Robert Broner (1922-2010), Wayne State 1945 and ‘46, was professor emeritus of art at Wayne State University, professor at Cooper Union of Art in New York, and visiting professor at Haifa University and Bezalel Academy of Art and Design where he introduced silk screen, texture imprint and woodcut collage techniques to Israel. He was past president and founder of the Society of American Graphic Artists (SAGA), National Print Council, and the Michigan Association of Printmakers; founded Print News; consulted on print legislation to develop copyright laws for prints; was correspondent for Art in AmericaArt Forum, Craft Horizons and New Art Examiner; and served on the Fulbright Art and Art History Committee. He introduced techniques central to the growth of 20th century printing, inventing the texture imprint monoprint and woodcut collage along with various printmaking techniques and solvent mixtures to print from found objects and electric circuit boards. “I have to work from my own integrity and my own sense of experience and I don’t approach my work within a predetermined style or ‘look’ for the prints,” Professor Broner once told Detroit Artists Monthly. “It’s being willing to change an experience from out there into something personal. That is, to turn something around and make the same image mean something totally different.” Broner exhibited in 27 solo shows and over 100 group shows. His work is in the collections of the Art Institute of Chicago; Bibliotheque Nationale, Paris; Boston Public Library; Brooklyn Museum of Art; Cincinnati Art Museum; Detroit Institute of Arts; Fogg Museum, Harvard University; Guggenheim Museum, NY; Israel National Museum, Jerusalem; Los Angeles County Museum of Art; Metropolitan Museum of Art, NY; Museum of Modern Art, NY; National Gallery of Art, Washington, Pennsylvania Academy of Fine Arts, Philadelphia; Philadelphia Museum of Art; New York Public Library; Smithsonian Institute, National Collections, Washington; and Walker Art Center, Minneapolis, among other collections. Broner was awarded the New York Foundation for the Arts fellowship and twice the Michigan Council for the Arts Creative Artist Award. His papers are housed in the Archives of American Art, Smithsonian Institution, Washington, DC.

Sculptor Irving Berg and printmaker/painter Robert Broner were longtime friends both involved in art education and the community of Modernist artists in Detroit. Berg used found objects to comprise his collage sculptures called Assemblages, and Broner utilized found objects as both printing devices and subjects. "In contrast to the avid materialism of their era, Irving and Robert represented a generation of artists that believed in the prime importance of art in the community," said Harriet Berg, wife of the sculptor. In effect these men transformed objects into art.

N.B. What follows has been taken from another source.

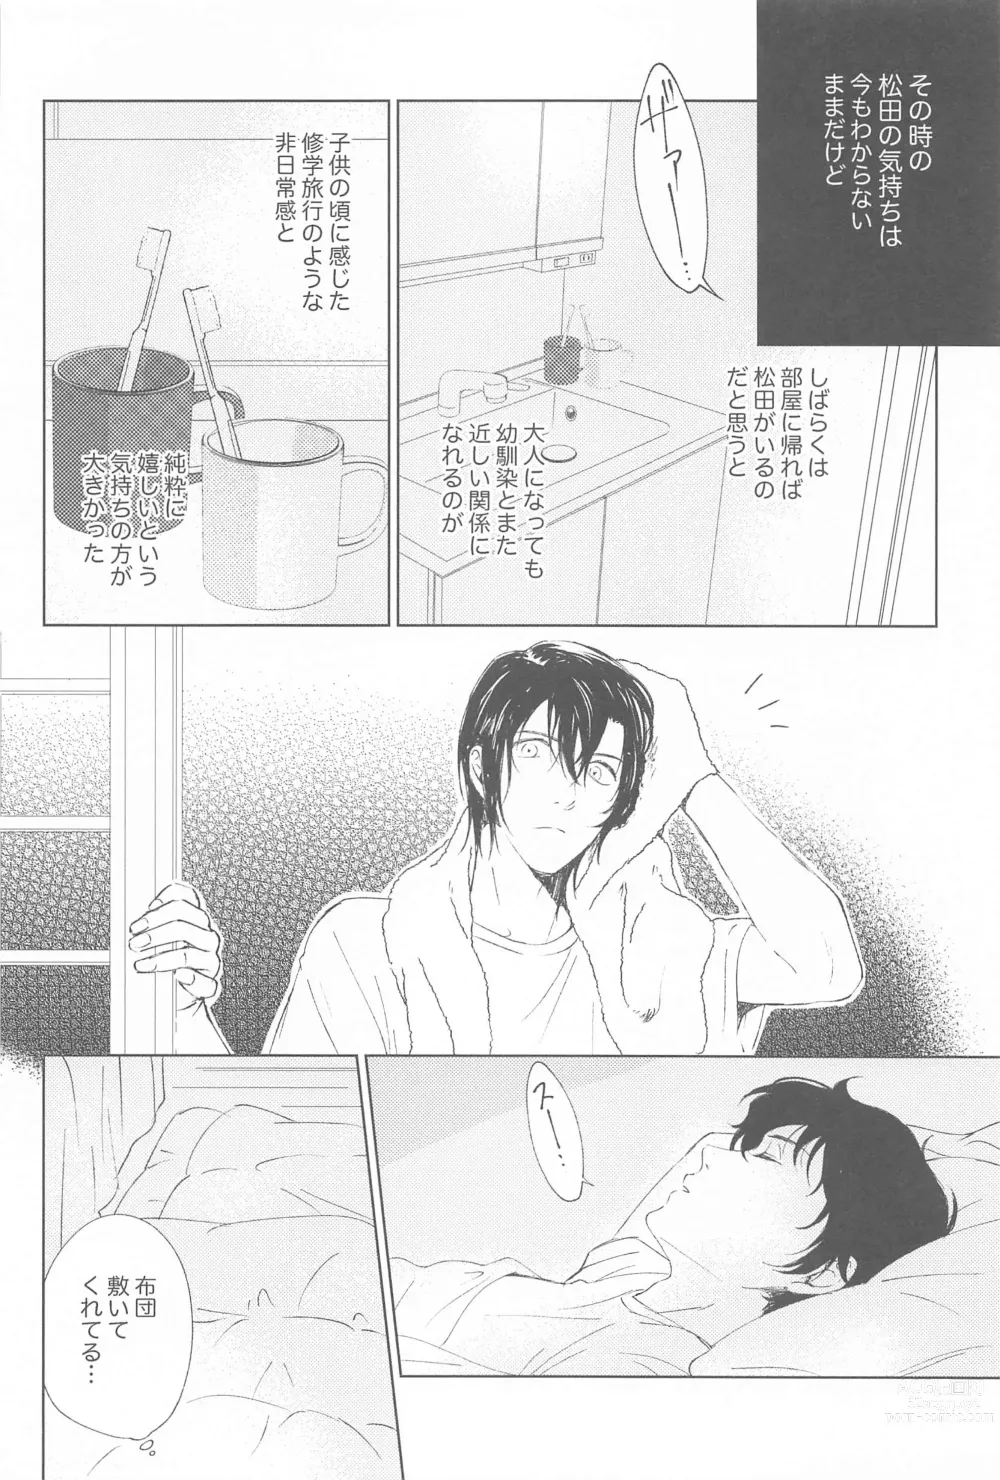 Page 13 of doujinshi ORTHONASAL
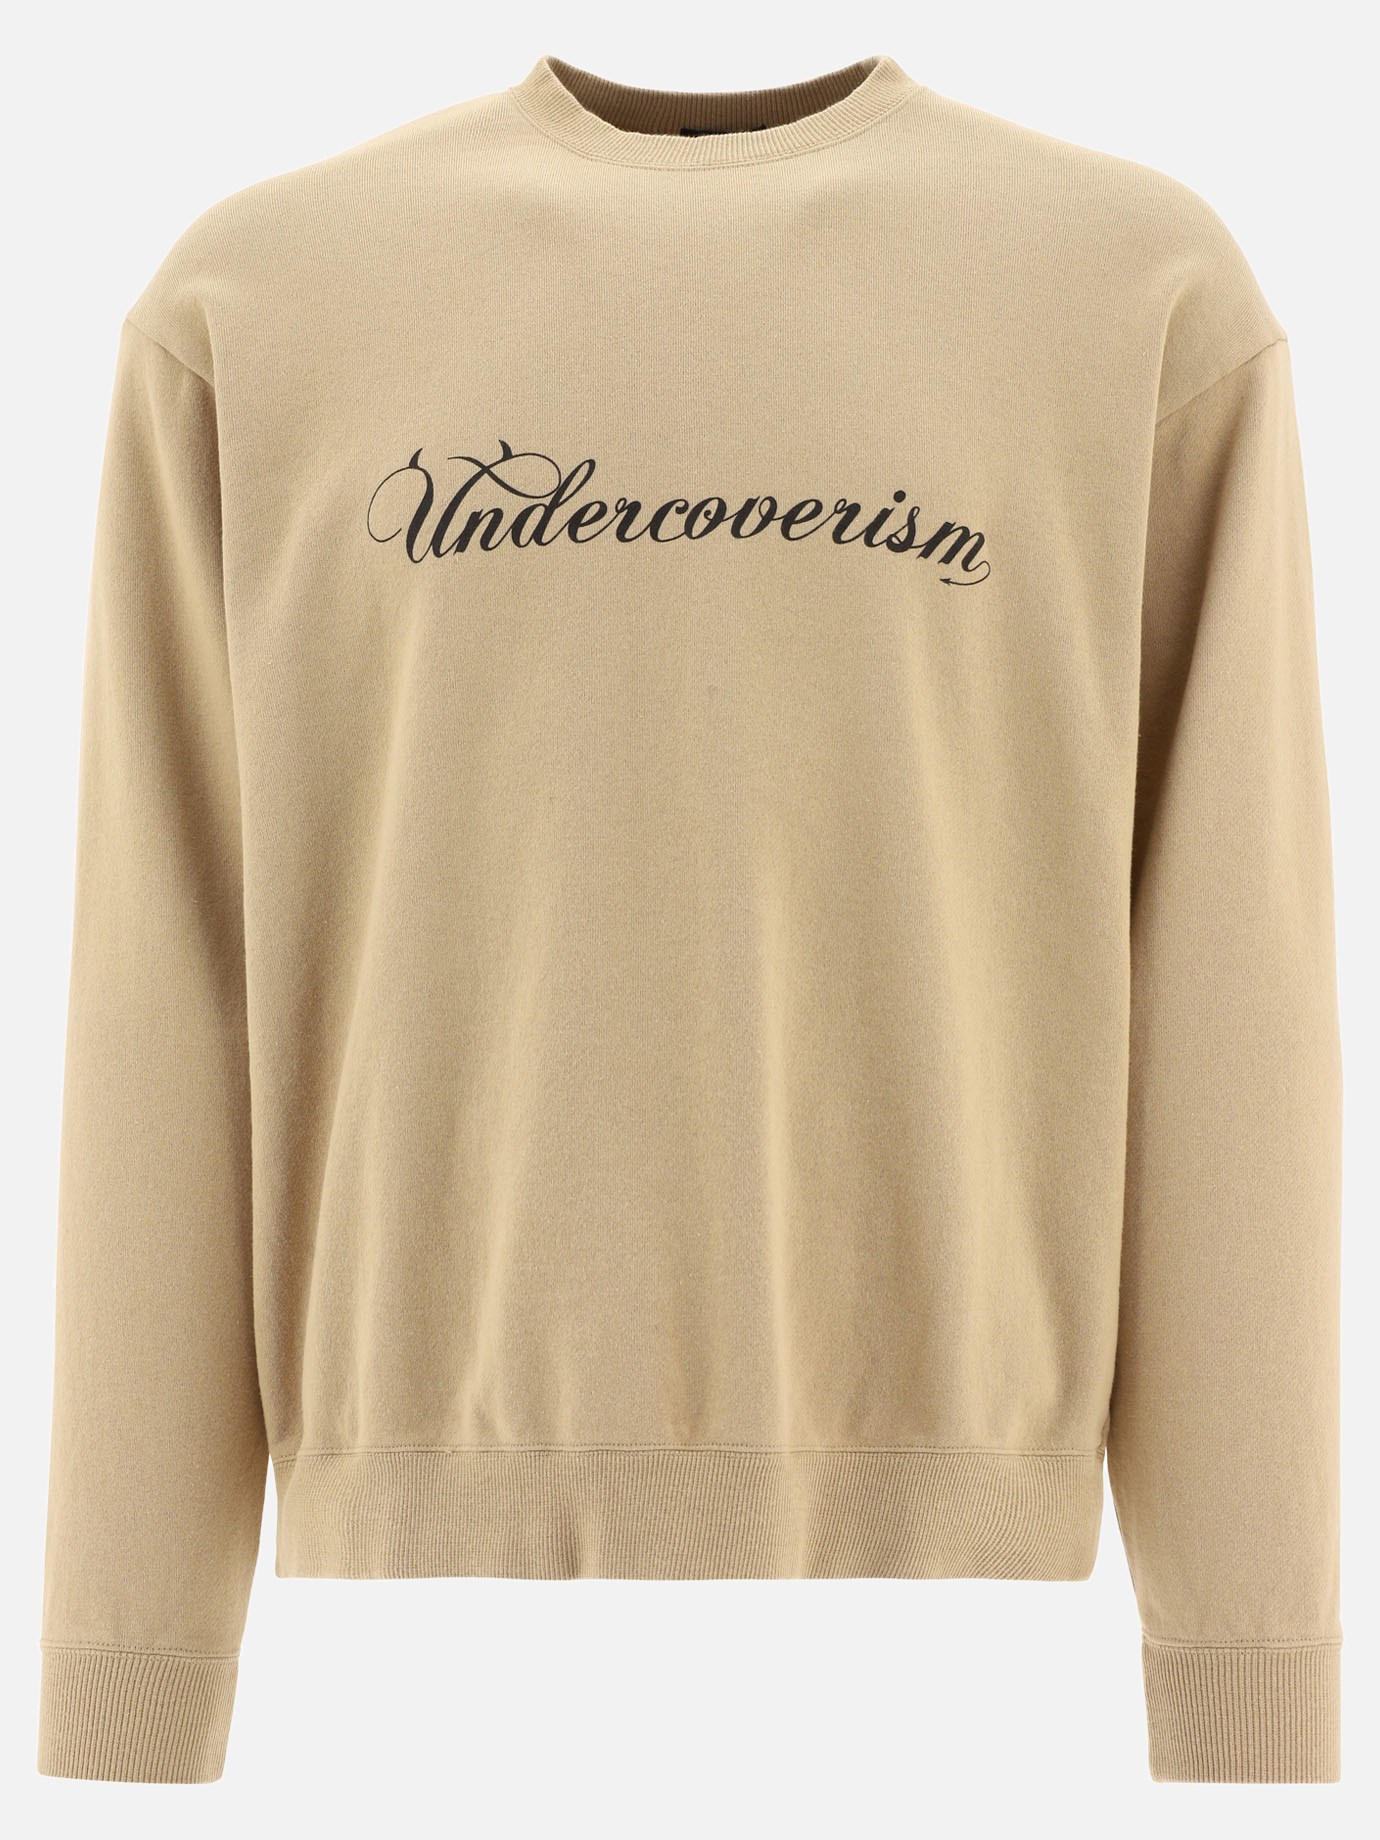  Undercoverism  sweatshirtby Undercoverism - 3

BERG / BRONER: Sculpture and Prints by WSU Mid-Century Modernists is open daily, Monday through Thursday, Sept. 22–25, 9am to 5pm; Friday, Sept. 26, 9am to 6pm. McGregor Memorial Conference Center is on Wayne State’s Midtown Detroit campus at 495 Gilmour Mall, Detroit, MI 48202. Self-parking is available in nearby Wayne State Structure 1 (Palmer St. at Cass Ave.) and Structure 5 (southbound Anthony Wayne Dr. just south of Palmer St.), as well as at meters on surrounding streets. Guests with unique mobility needs are recommended to consider Wayne State Lot 31 (northbound Anthony Wayne Dr. just south of Palmer St.) or the Detroit Historical Museum’s lot (Kirby St. between Woodward and Cass), as they are nearest to the conference center. The exhibit is presented through the generous support of Harriet Berg and Nahama Broner and is co-curated by Douglas Haller (Berg) and Janet Hamrick (Broner).

Wayne State University’s College of Fine, Performing and Communication Arts serves 2,200 students majoring in 16 undergraduate and 11 graduate programs in art and art history, communication, music, theatre and dance. Wayne State University, located in the heart of Detroit’s Midtown Cultural Center, is a premier urban research institution offering more than 370 academic programs through 13 schools and colleges to nearly 28,000 students.